I'm trying to implement the Minimum Distance Algorithm for image classification using GDAL and Python. After calculating the mean pixel-value of the sample areas and storing them into a list of arrays ("sample_array"), I read the image into an array called "values". With the following code I loop through this array:
values = valBD.ReadAsArray()
# loop through pixel columns
for X in range(0,XSize):
# loop thorugh pixel lines
for Y in range (0, YSize):
# initialize variables
minDist = 9999
# get minimum distance
for iSample in range (0, sample_count):
# dist = calc_distance(values[jPixel, iPixel], sample_array[iSample])
# computing minimum distance
iPixelVal = values[Y, X]
mean = sample_array[iSample]
dist = math.sqrt((iPixelVal - mean) * (iPixelVal - mean)) # only for testing
if dist < minDist:
minDist = dist
values[Y, X] = iSample
classBD.WriteArray(values, xoff=0, yoff=0)
This procedure takes very long for big images. That's why I want to ask if somebody knows a faster method. I don't know much about access-speed of different variables in python. Or maybe someone knows a libary I could use.
Thanks in advance,
Mario
You should definitely be using NumPy. I work with some pretty large raster datasets and NumPy burns through them. On my machine, with the code below there's no noticeable delay for a 1000 x 1000 array. An explanation of how this works follows the code.
import numpy as np
from scipy.spatial.distance import cdist
# some starter data
dim = (1000,1000)
values = np.random.randint(0, 10, dim)
# cdist will want 'samples' as a 2-d array
samples = np.array([1, 2, 3]).reshape(-1, 1)
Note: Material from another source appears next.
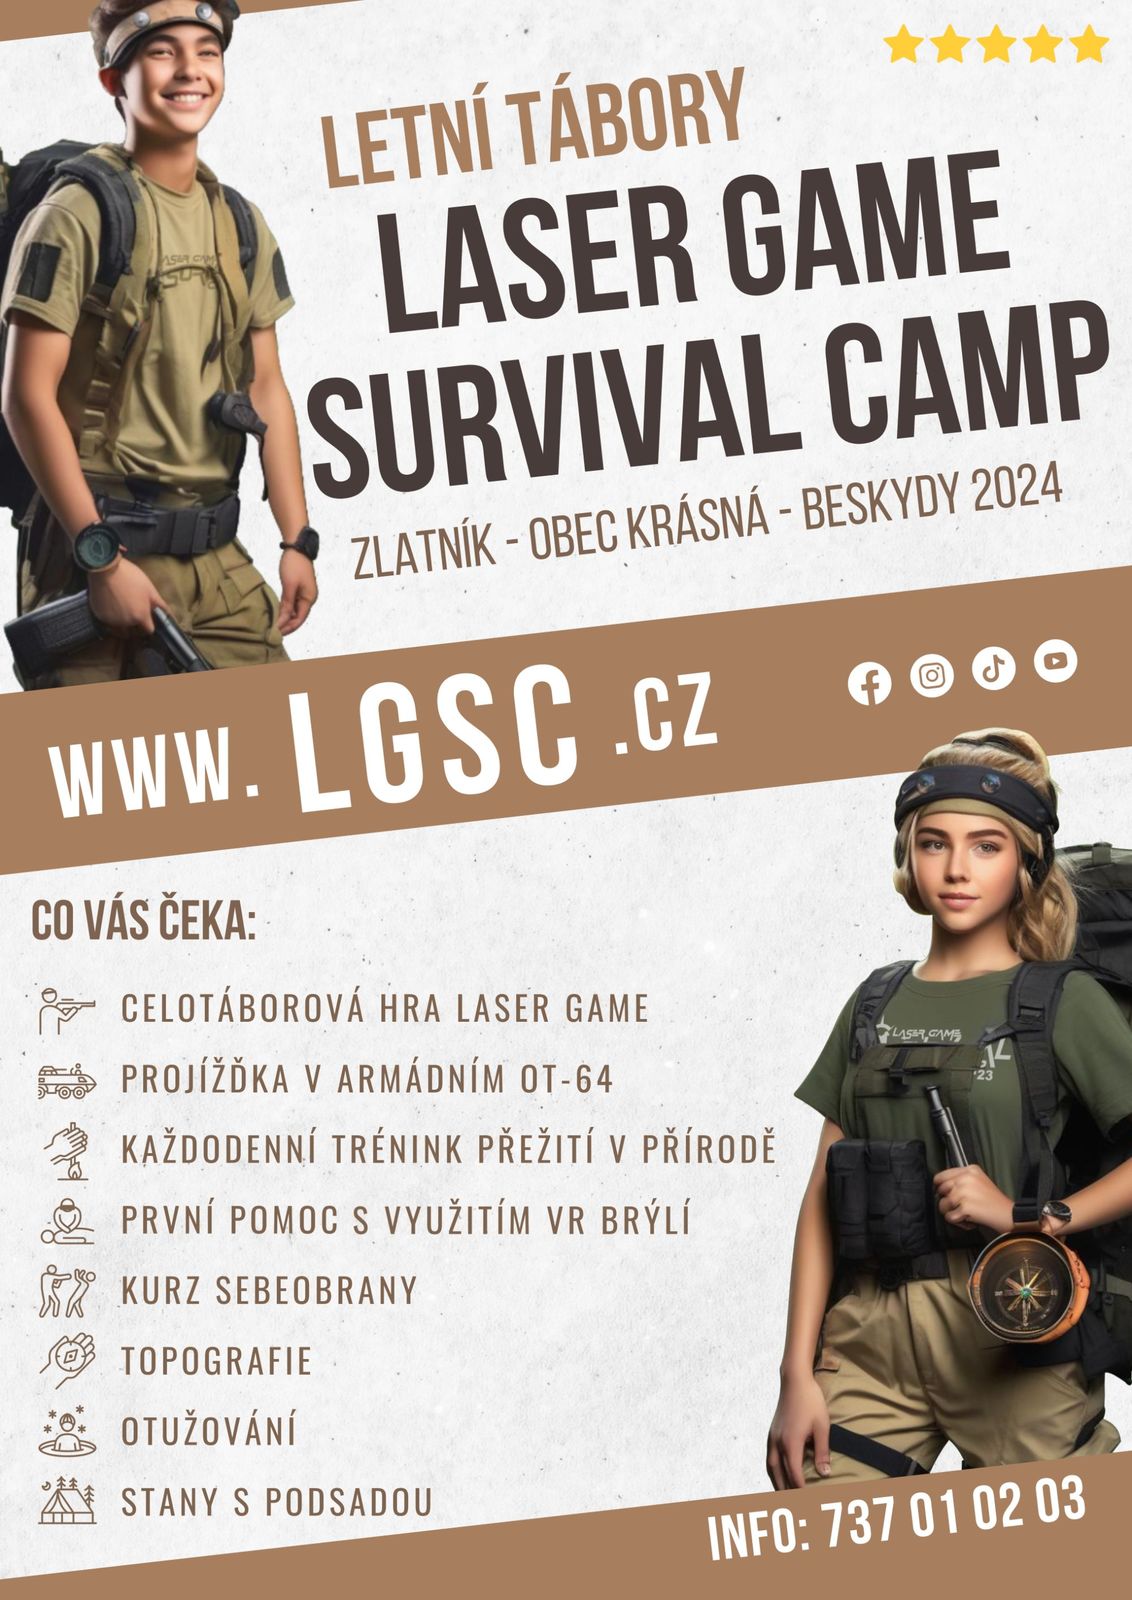 Letní tábory "Laser game survival camp" - Zlatník, obec Krásná, Beskydy 2024

# this could be a one-liner
# 'values' must have the same number of columns as 'samples'
mins = cdist(values.reshape(-1, 1), samples)
outvalues = mins.argmin(axis=1).reshape(dim)
cdist() calculates the "distance" from each element in values to each of the elements in samples. This generates a 1,000,000 x 3 array, where each row n has the distance from pixel nin the original array to each of the sample values [1, 2, 3]. argmin(axis=1) gives you the index of the minimum value along each row, which is what you want. A quick reshape gives you the rectangular format you'd expect for an image.
Agree with Thomas K: use PIL, or else write a C-function and wrap it using e.g. ctypes, or at very least use some numPy matrix operations.
Or else use pypy on your existing code (JIT-compiled code can be 100x faster, on image code). Try pypy and tell us what speedup you got.
Bottom line: never do stuff pixel-wise like this natively in cPython, the interpreting and memory-mgt overhead will kill you.